### Goal of the exercise
From the line below that contains "Mauve CALPAK Hue" to the line that contains "NOW Foods Royal", repeat every line exactly, both ends included, and nothing else.

______________________________

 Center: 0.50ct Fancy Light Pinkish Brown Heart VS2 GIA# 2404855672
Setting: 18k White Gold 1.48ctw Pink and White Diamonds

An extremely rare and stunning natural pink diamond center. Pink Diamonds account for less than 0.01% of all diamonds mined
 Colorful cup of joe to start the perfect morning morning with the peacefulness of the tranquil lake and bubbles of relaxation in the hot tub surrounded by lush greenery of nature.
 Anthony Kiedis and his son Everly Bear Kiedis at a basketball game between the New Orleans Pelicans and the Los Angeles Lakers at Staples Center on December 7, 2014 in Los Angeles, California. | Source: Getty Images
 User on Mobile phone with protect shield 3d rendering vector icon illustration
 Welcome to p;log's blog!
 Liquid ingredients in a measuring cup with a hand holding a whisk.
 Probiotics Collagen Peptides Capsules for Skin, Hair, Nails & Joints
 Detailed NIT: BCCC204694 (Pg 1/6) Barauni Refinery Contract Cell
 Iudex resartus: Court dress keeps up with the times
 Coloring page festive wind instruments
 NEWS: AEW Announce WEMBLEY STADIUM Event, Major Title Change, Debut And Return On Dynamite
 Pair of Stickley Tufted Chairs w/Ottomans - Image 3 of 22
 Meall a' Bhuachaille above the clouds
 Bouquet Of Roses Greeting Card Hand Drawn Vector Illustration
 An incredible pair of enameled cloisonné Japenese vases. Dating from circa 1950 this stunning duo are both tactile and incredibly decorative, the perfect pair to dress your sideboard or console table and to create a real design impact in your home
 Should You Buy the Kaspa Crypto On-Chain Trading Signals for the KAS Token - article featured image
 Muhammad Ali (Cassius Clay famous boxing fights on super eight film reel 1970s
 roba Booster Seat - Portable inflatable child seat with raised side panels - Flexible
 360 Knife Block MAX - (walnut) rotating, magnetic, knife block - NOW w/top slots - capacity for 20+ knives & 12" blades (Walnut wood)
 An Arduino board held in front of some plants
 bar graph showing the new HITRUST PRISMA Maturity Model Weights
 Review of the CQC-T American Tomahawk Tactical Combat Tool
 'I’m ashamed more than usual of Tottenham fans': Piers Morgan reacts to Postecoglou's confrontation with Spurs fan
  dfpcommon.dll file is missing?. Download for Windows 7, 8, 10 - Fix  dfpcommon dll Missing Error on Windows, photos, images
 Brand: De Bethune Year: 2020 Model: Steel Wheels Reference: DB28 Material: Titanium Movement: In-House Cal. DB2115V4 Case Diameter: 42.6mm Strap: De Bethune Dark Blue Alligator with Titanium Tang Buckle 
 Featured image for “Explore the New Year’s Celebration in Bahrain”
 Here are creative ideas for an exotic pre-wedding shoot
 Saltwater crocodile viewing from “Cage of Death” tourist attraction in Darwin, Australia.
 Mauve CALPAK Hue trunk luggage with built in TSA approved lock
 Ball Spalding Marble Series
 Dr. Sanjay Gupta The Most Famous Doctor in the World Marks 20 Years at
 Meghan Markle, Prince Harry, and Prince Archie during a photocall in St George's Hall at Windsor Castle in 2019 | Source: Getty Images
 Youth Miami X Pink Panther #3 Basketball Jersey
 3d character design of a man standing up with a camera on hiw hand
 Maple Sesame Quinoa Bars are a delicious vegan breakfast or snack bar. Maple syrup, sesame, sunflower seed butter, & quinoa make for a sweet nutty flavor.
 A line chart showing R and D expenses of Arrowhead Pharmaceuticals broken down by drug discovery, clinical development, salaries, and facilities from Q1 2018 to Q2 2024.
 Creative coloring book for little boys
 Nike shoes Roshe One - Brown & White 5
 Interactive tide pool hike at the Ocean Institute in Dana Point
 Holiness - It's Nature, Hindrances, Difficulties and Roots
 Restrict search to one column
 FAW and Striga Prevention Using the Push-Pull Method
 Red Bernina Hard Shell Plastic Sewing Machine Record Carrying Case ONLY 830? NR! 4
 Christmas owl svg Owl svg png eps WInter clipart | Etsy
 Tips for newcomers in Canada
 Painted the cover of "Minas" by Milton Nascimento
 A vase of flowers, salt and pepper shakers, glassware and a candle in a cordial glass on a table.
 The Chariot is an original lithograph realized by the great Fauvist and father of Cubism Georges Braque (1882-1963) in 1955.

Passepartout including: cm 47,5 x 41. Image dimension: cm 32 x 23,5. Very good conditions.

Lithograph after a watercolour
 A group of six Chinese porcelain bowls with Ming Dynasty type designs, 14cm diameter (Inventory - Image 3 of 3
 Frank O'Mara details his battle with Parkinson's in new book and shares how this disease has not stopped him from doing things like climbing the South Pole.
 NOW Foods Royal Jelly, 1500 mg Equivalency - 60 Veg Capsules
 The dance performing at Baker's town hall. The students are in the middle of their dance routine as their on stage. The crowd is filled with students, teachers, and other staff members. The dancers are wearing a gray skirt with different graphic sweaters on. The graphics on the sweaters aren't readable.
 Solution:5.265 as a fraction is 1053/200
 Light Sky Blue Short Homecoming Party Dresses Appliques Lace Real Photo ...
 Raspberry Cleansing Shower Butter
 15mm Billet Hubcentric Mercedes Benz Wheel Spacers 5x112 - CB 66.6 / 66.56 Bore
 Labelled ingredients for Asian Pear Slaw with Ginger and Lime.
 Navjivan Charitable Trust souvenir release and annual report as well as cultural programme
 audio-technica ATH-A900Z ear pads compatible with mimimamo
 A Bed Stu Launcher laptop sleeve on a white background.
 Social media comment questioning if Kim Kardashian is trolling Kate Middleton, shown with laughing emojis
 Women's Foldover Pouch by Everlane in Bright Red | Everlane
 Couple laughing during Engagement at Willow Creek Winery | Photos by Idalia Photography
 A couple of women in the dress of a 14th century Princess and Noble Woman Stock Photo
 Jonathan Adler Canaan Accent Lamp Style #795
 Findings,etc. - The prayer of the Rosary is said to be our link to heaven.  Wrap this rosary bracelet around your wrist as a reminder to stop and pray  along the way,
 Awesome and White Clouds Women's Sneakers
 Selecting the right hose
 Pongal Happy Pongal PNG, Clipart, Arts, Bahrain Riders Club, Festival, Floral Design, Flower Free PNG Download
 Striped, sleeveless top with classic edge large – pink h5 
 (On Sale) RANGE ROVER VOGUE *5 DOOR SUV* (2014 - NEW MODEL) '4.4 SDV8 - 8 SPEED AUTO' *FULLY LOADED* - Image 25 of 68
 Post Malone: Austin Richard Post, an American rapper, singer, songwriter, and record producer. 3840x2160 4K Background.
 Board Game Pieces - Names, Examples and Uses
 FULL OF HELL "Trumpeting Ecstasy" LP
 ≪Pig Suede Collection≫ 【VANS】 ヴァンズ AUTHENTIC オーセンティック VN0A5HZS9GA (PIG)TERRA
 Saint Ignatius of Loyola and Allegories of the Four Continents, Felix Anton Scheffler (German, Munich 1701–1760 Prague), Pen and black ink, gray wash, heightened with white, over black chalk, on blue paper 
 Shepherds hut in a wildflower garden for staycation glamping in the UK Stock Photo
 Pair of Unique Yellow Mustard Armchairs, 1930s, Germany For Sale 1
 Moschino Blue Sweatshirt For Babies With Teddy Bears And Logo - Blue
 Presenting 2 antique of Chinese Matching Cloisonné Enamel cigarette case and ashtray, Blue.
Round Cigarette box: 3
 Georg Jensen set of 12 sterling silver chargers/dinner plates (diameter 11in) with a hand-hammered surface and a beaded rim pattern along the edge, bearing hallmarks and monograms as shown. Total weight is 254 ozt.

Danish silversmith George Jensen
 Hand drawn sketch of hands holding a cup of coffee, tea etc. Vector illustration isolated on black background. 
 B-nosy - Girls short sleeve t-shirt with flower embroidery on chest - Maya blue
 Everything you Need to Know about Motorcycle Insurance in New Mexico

______________________________

### Task solution
 Mauve CALPAK Hue trunk luggage with built in TSA approved lock
 Ball Spalding Marble Series
 Dr. Sanjay Gupta The Most Famous Doctor in the World Marks 20 Years at
 Meghan Markle, Prince Harry, and Prince Archie during a photocall in St George's Hall at Windsor Castle in 2019 | Source: Getty Images
 Youth Miami X Pink Panther #3 Basketball Jersey
 3d character design of a man standing up with a camera on hiw hand
 Maple Sesame Quinoa Bars are a delicious vegan breakfast or snack bar. Maple syrup, sesame, sunflower seed butter, & quinoa make for a sweet nutty flavor.
 A line chart showing R and D expenses of Arrowhead Pharmaceuticals broken down by drug discovery, clinical development, salaries, and facilities from Q1 2018 to Q2 2024.
 Creative coloring book for little boys
 Nike shoes Roshe One - Brown & White 5
 Interactive tide pool hike at the Ocean Institute in Dana Point
 Holiness - It's Nature, Hindrances, Difficulties and Roots
 Restrict search to one column
 FAW and Striga Prevention Using the Push-Pull Method
 Red Bernina Hard Shell Plastic Sewing Machine Record Carrying Case ONLY 830? NR! 4
 Christmas owl svg Owl svg png eps WInter clipart | Etsy
 Tips for newcomers in Canada
 Painted the cover of "Minas" by Milton Nascimento
 A vase of flowers, salt and pepper shakers, glassware and a candle in a cordial glass on a table.
 The Chariot is an original lithograph realized by the great Fauvist and father of Cubism Georges Braque (1882-1963) in 1955.

Passepartout including: cm 47,5 x 41. Image dimension: cm 32 x 23,5. Very good conditions.

Lithograph after a watercolour
 A group of six Chinese porcelain bowls with Ming Dynasty type designs, 14cm diameter (Inventory - Image 3 of 3
 Frank O'Mara details his battle with Parkinson's in new book and shares how this disease has not stopped him from doing things like climbing the South Pole.
 NOW Foods Royal Jelly, 1500 mg Equivalency - 60 Veg Capsules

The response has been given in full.